At the axon hillock, a cell’s potential is determined by the sum of all the excitatory & inhibitory inputs in the dendrites & soma.

Question 22

action potential.

Answer 22

If the voltage at the axon hillock reaches a threshold of -50 mv, then it will increase rapidly to 50 mv, and then quickly rebound to -70 mv.

This sequence of voltage changes is called an action potential.

Question 23

absolute refractory

Answer 23

During the absolute refractory period it is impossible to generate a new action potential.

Question 24

relative refractory

Answer 24

During the relative refractory period a new action potential can be generated, but it requires a stimulus that is much stronger than usual.

Question 25

The Toilet Metaphor

Answer 25

When you push the handle, water floods the bowl.

This event takes a couple of seconds and you cannot stop it in the middle.

Once the bowl empties, the flush is complete. Now the upper tank is empty.

If you try pushing the handle at this point, nothing happens (absolute refractory period).

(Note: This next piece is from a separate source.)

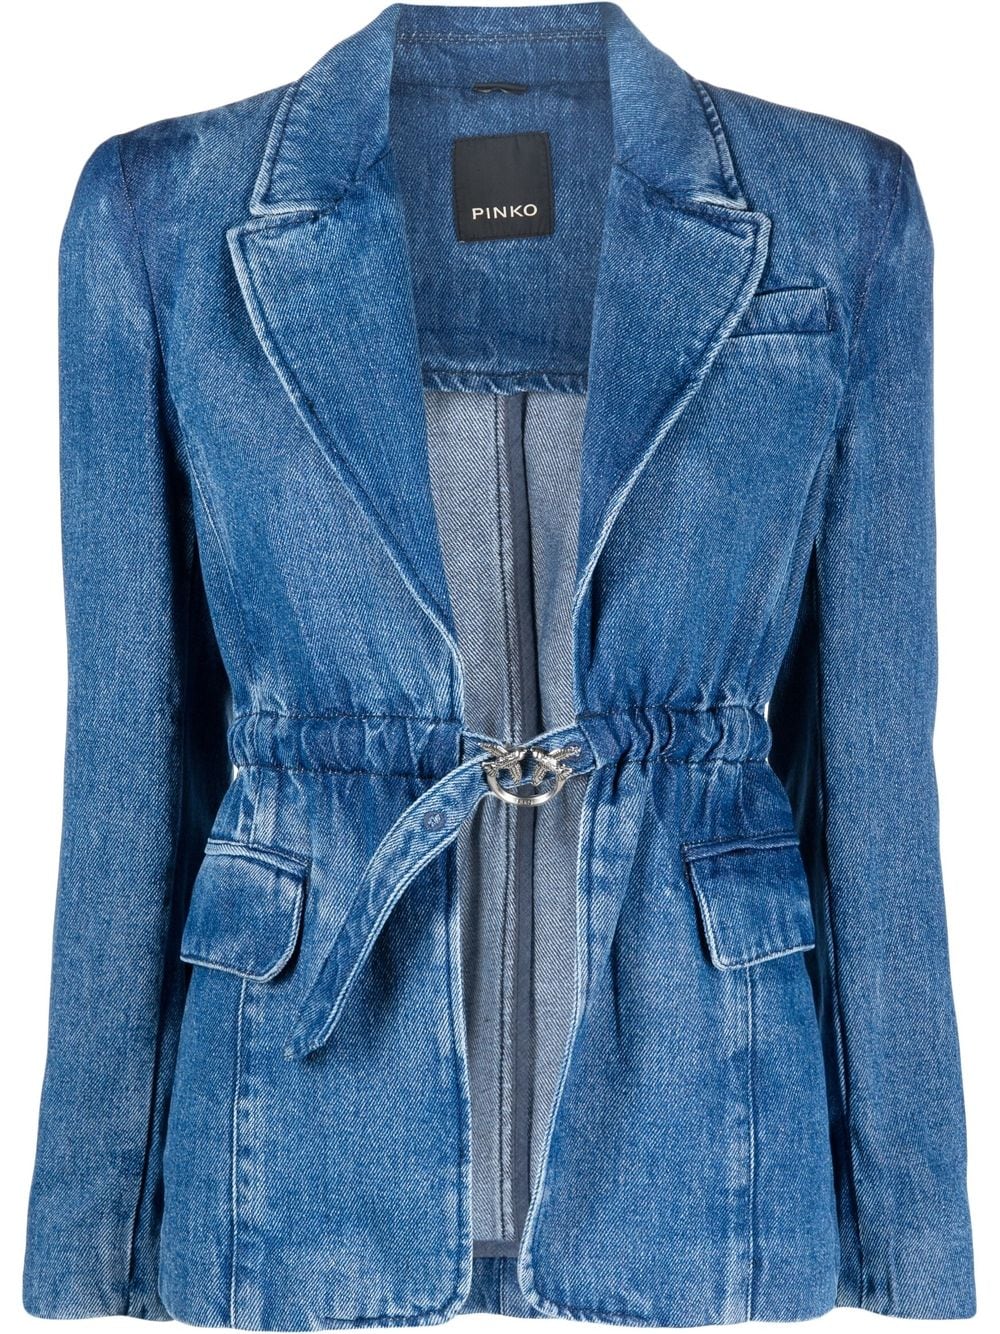 PINKO - logo-buckle denim blazer - women - Polyester/Cotton/Lyocell - 42 - Blue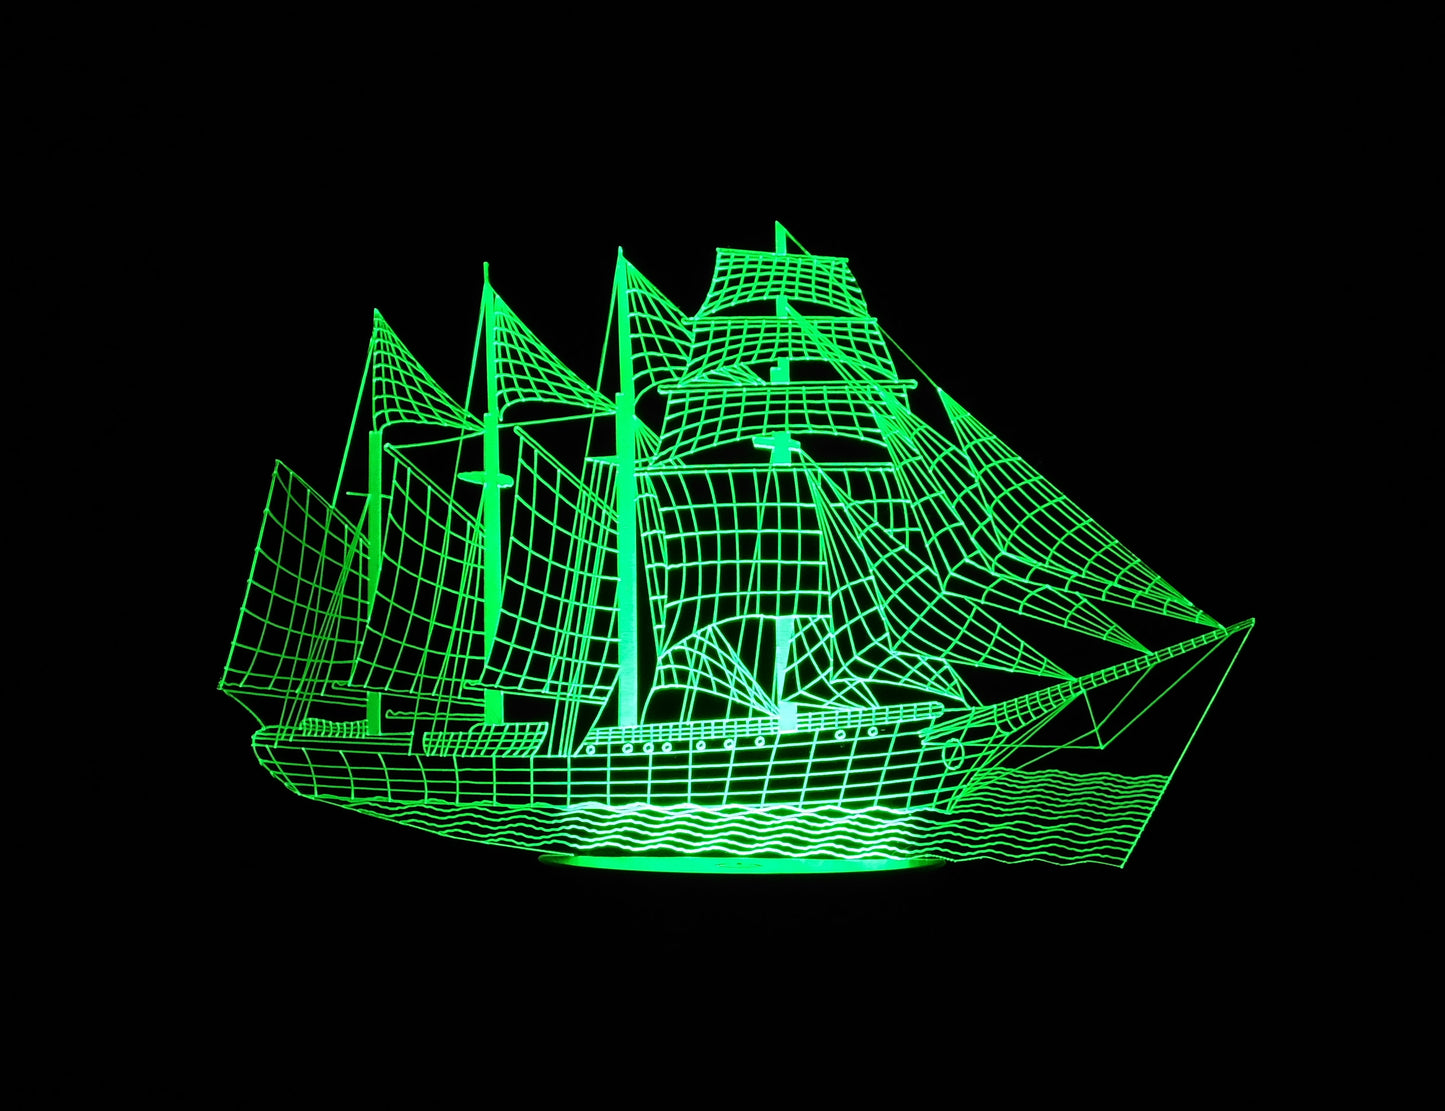 Sailing Ship 3-D Optical Illusion LED Desk, Table, Night Lamp

Wait for the upper tank to begin refilling. You can now flush again, but the intensity of the flush increases as the upper tank refills (relative refractory period)

Question 26

An action potential (firing) of a neuron

Answer 26

Na+ entry locally depolarizes axon, which sufficiently depolarizes the adjacent region of the axon to open more of the voltage-gated Na+channels, re-creating the action potential there.

This process continues down the length of the axon.

Question 27

The action potential is non-decremental.

Answer 27

That is to say, its magnitude does not change as it travels along the axon.

Question 28

synapse

Answer 28

When an action potential reaches an axon terminal, it causes neurotransmitters to be released into the synapse.

Question 29

graded potentials

Answer 29

Note that this is quite different from graded potentials (EPSPs or IPSPs).

Their magnitudes become diminished as they travel within the dendrites and soma, and are therefore referred to as decremental.

Question 30

Primary Sensory & Motor Cortex and Surrounding Association Cortex.

Answer 30

The blue regions show the primary cortical receiving areas of the ascending sensory pathways and the primary output region to the spinal cord.

The secondary sensory and motor areas are colored pink.

The remainder is considered association cortex.

Question 31

Excitation and Inhibition

Answer 31

Any neuron can excite or inhibit another neuron based on the type of neurotransmitter it releases from its axon terminals.

The stimulation of a neuron modifies the frequency at which it generates action potentials.